A search for haswbstatement:P180=Q9394 haswbstatement:P180=Q38695 does provide this image:
https://commons.wikimedia.org/w/index.php?sort=last_edit_desc&search=haswbstatement%3AP180%3DQ9394+haswbstatement%3AP180%3DQ38695&title=Special:Search&profile=advanced&fulltext=1&advancedSearch-current=%7B%7D&ns0=1&ns6=1&ns12=1&ns14=1&ns100=1&ns106=1

That's a big loss for most users and makes the entry of structured data, for me at least, seem less useful.

I was playing around with the search some more and I think this is actually a lot closer to solved than it appears. In the main search box at the top of the page, when typing in a search term you can select a "depicts" item which then becomes a haswbstatement:P180 item for the search. The problem is there's no easy was to add a second haswbstatement:P180 term. If the advanced (AKA search results) page had the same box or function, maybe somewhere in the "Search in page text" section, so someone could just add a 2nd, 3rd, etc term, that would be pretty accessible.

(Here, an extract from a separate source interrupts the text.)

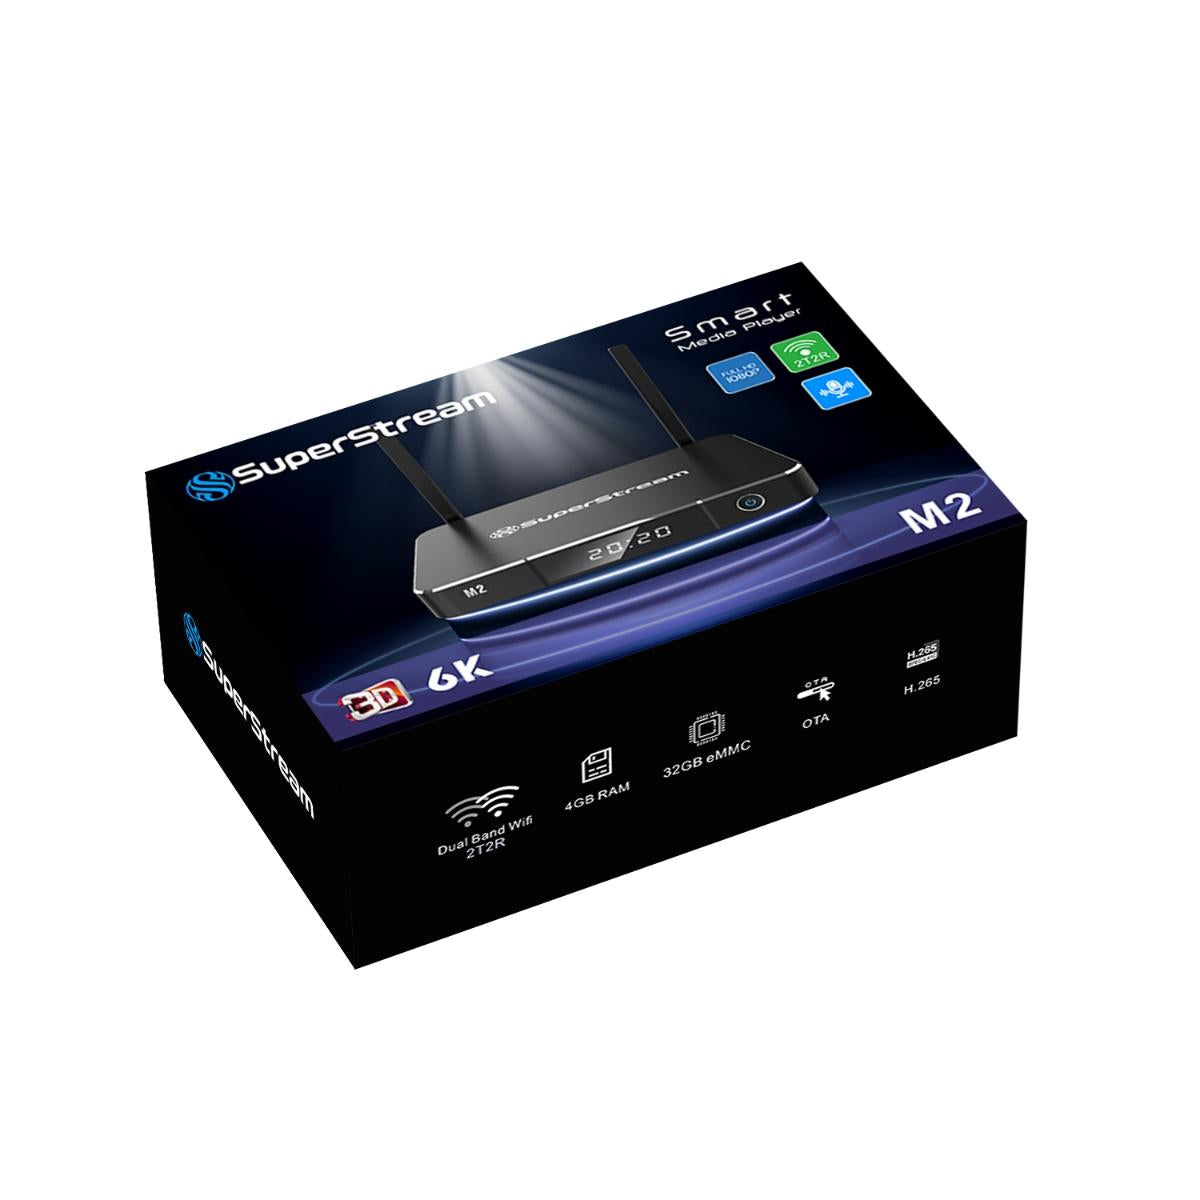 SuperStream M2 Android TV Box, Voice Control Remote, Fully Load 6K with 4Gb RAM & 64 GB Media Player Free 3 day Shipping

Could we come at it from the other direction? Use the wikidata drop-down result to generate a text search in addition to the haswbstatement results. Set up search so that all words in the search are selected from the drop-down, but then use wikidata's "label" "description" and/or "Also known as" to generate additional results based on those words for a "regular" text search.

Hello @Nathank2 . We're actually working on a new search system now, and it should address a number of points you bring up here. It's still in the early prototyping phases, but we hope to have some news and beta versions available in the coming weeks.

@Ramsey-WMF that's great! My programming skills are minimal, but I'd be happy to help in other ways.